I'd agree with that, up to 5 holes I might abuse my cordless but after that the big bear high torque Hitachi gets let out, its been known to knock young fellas off ladders haha.


----------



## thegoldenboy (Aug 15, 2010)

zwodubber said:


> Yeah, because this information can provide no pertinent information anymore.


Between the old posts and the new posts, there is no new information being provided. I could see reviving something a year and a half old to give a justified update, but this is not such a case.

Maybe it's because: 

A.) I've already read through this thread.

B.) Drilling out an entire house with a battery operated tool, is just loony.
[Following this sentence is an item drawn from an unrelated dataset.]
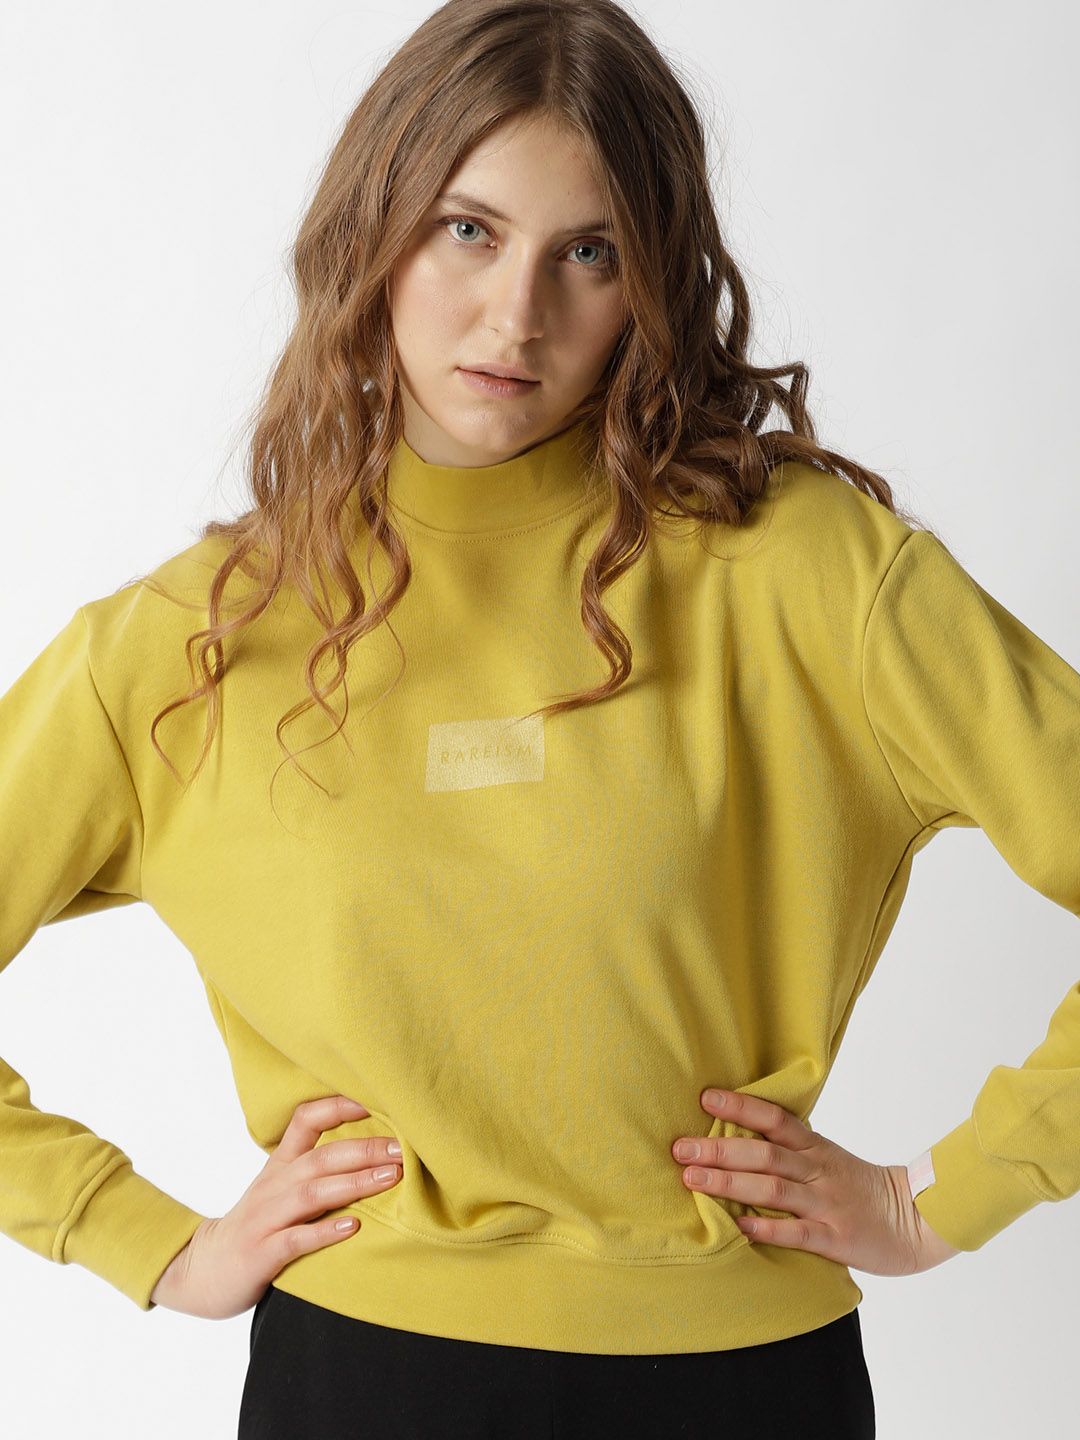 RAREISM Women Yellow Sweatshirt Price in India

IMO.


----------



## nitro71 (Sep 17, 2009)

You could build a back pack battery pack for that bad boy. Strap that thing on and drill for hours!


----------



## user4818 (Jan 15, 2009)

I wouldn't even consider using a cordless drill for doing a house. I've always used a Hole Hawg and can't see trading the power and speed it has for a wimpy cordless drill. :no:


----------



## Frasbee (Apr 7, 2008)

Peter D said:


> I wouldn't even consider using a cordless drill for doing a house. I've always used a Hole Hawg and can't see trading the power and speed it has for a wimpy cordless drill. :no:


Wouldn't the proper hack thing to do be to just go around the studs?


----------



## user4818 (Jan 15, 2009)

Frasbee said:


> Wouldn't the proper hack thing to do be to just go around the studs?



Bell wire and lamp cord staple nicely to the face of the studs. You just board right over it. :thumbsup:


----------



## thegoldenboy (Aug 15, 2010)

Frasbee said:


> Wouldn't the proper hack thing to do be to just go around the studs?


I go around the studs whenever possible.


----------